Coral City is an architectural installation inspired by the structure of the world's coral reefs: diverse systems full of curiosities experienced underwater. This project asks us to engage with the conceptual coral reef through perceptual and tactile experiences. 

Coral City imagines the coral reef as a conceptual space full of psychological wonderment. Viewers to play as living coral, bringing the reef to life. A crystalline space alludes to the vulnerability of the reef, globally under attach by ocean acidification, rising sea temperatures, pollution, and human impact. A wave wall undulates in a sequence, perceptually flowing as the viewer moves across. Its white surface changes in color with refracted lighting. The white surface appears hard, while suggesting softness and mutability. This milled wall responds to chief architect of the contemporary art's center, Zaha Hadid, who explored curved forms as sensitive architectures.

The play of scientific discovery informs interactivity and material transformation. The beauty and fragility of the reef is expressed through the visual complexity and confusion of the wallpaper. Visitors get lost in the shallow and deep space of stripes, gradients and shapes. Colors of materials and surface change as the lighting changes. 

The ocean is powerful and hard to understand. Being underwater is spatially confusing.
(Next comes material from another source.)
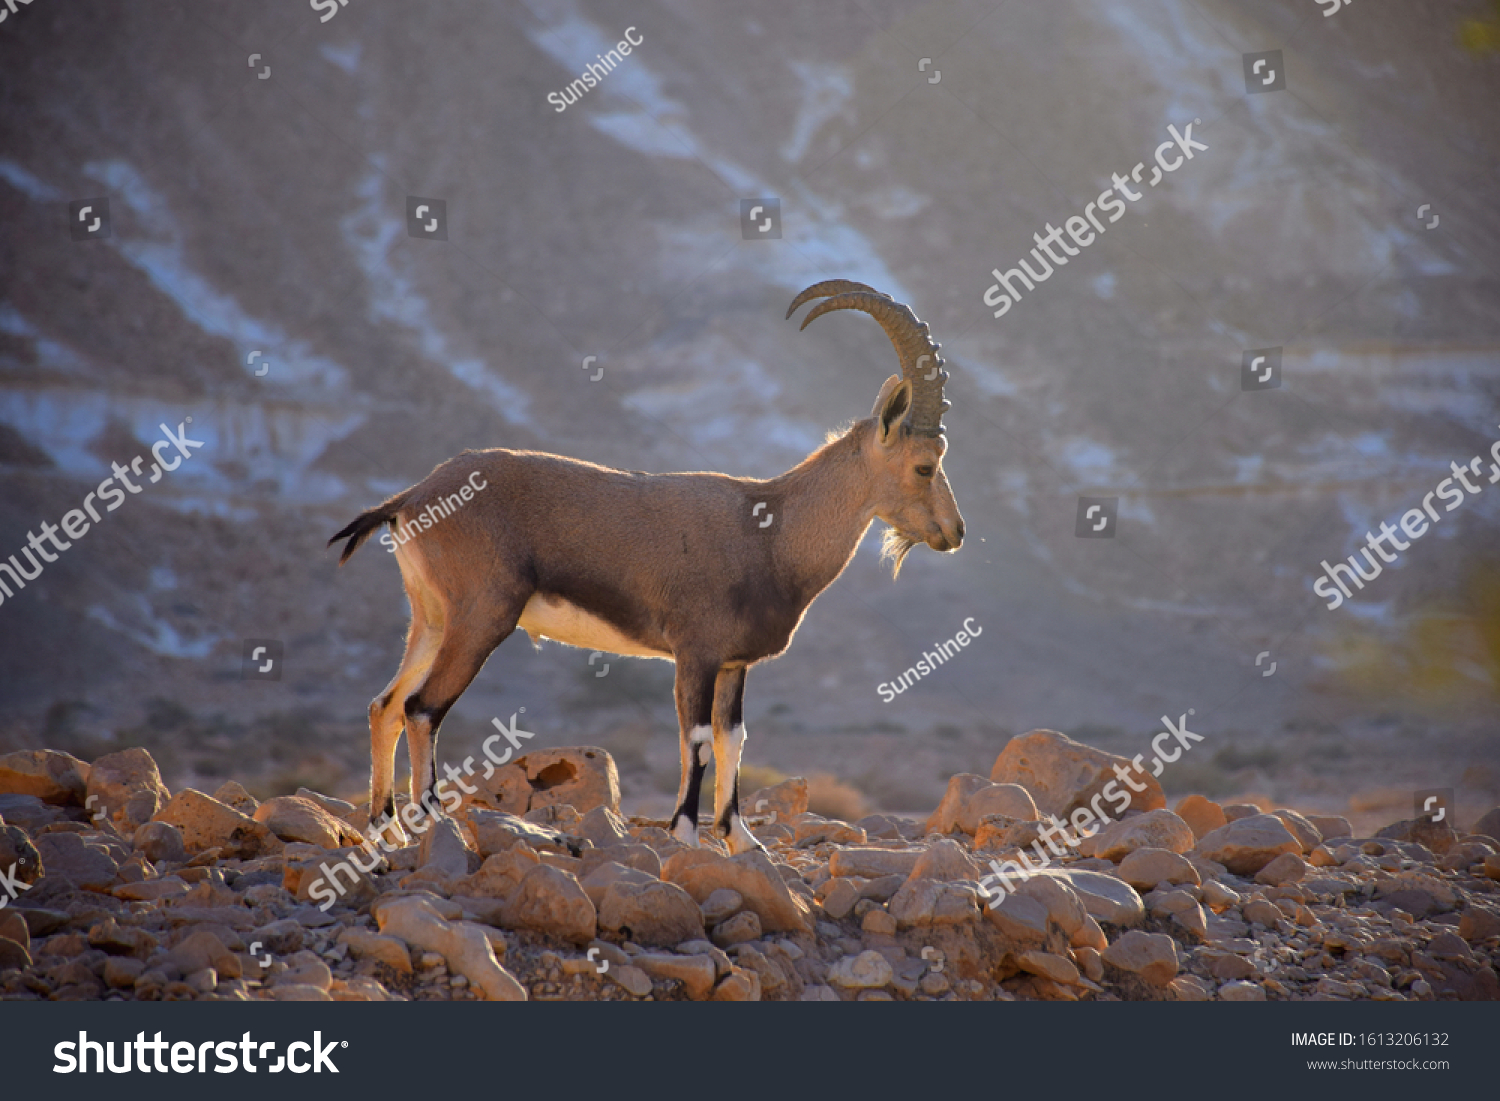 Nubian ibex a desert dwelling goat (capra ibex, capra nubiana) biblical animal in Judean (Judea) desert and the Negev, southern Israel. black and white image, animal in nature reserve (wildlife) #1613206132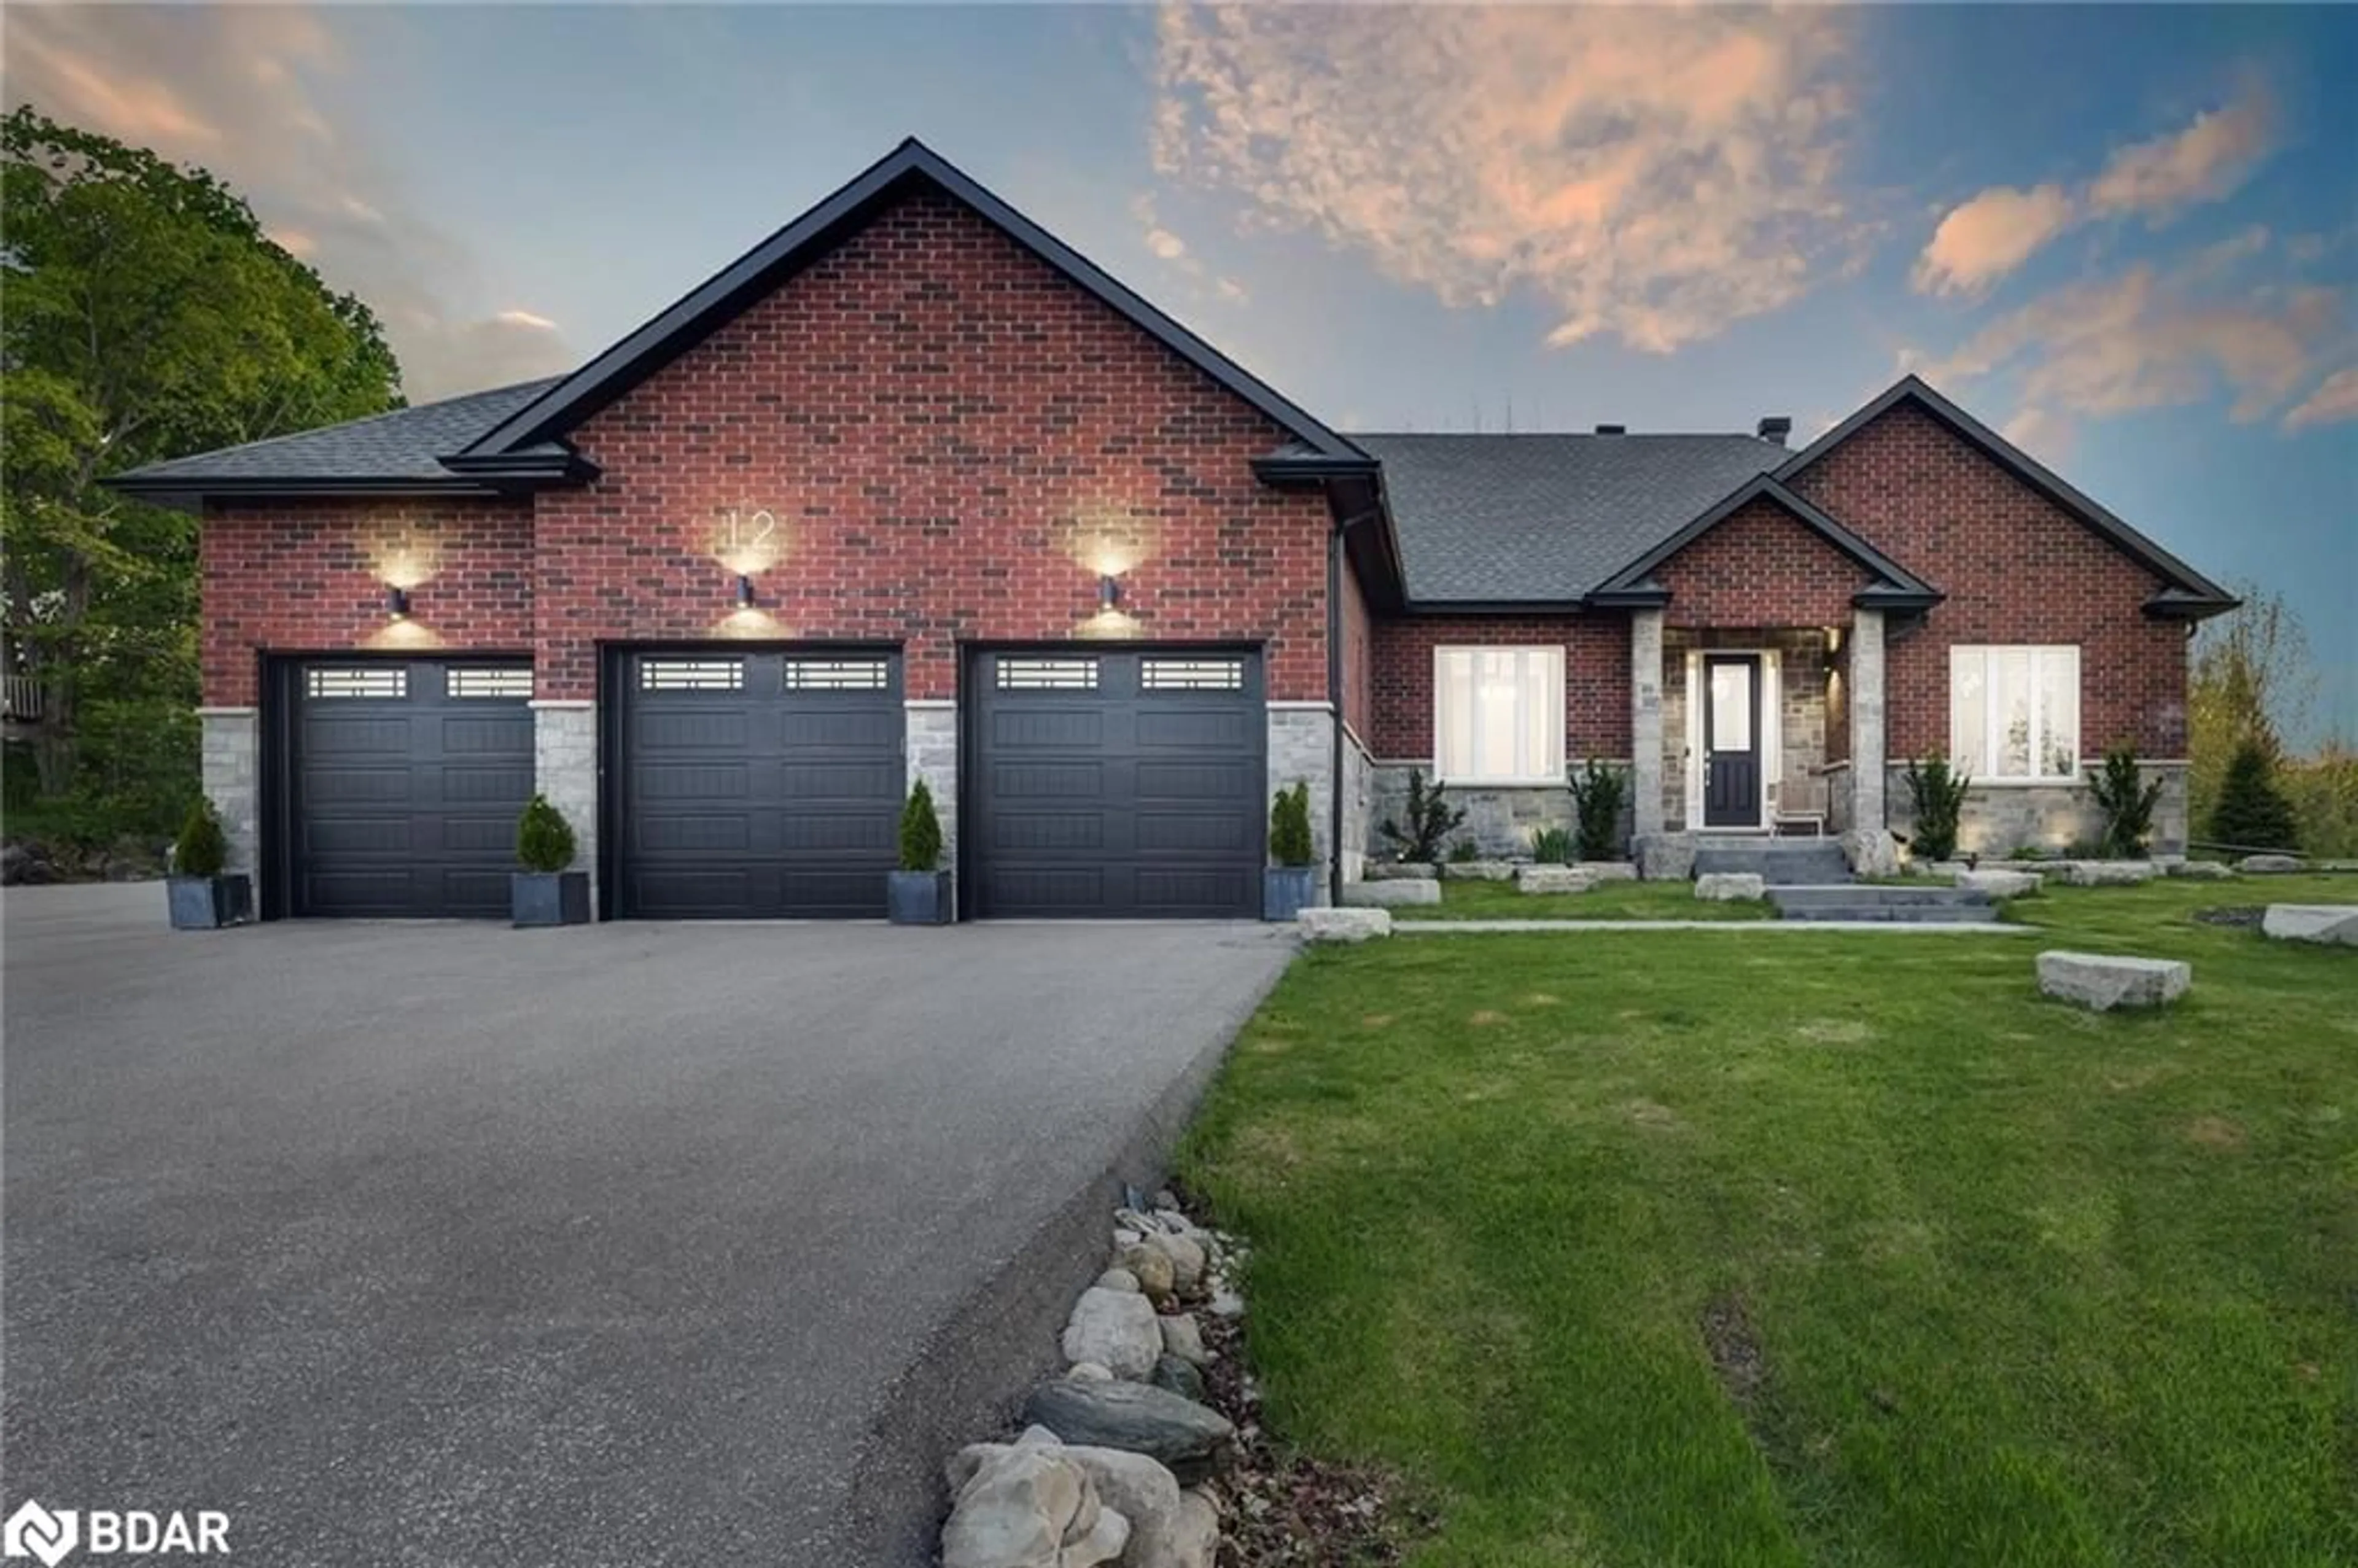 Home with brick exterior material for 12 Reids Ridge, Moonstone Ontario L0K 1N0

This complexity hopes to draw people closer so they can experience the mystery of the oceans, and raise empathy and awareness for the future of the coral reef and our impact on world ecosystems. 

-Digitally fabricated furniture covered in neoprene is movable and stackable, able to be re-configured. 
-Yellow and grey striped wallpaper responds to the optical experience of being underwater. 
-The wave wall is a 3D milled curtain unfolding in space. It appears to be moving, as a soft and fluid surface. 
-Laser etched mirrors reflect opposing textures in the space creating portals to different viewpoints and perspectives. 
-The lighting is inspired by early scientific experiments. The idea of refraction of light and surface is used with dichroic films. Light bounces off the film in one direction and creates different colors in the opposing direction.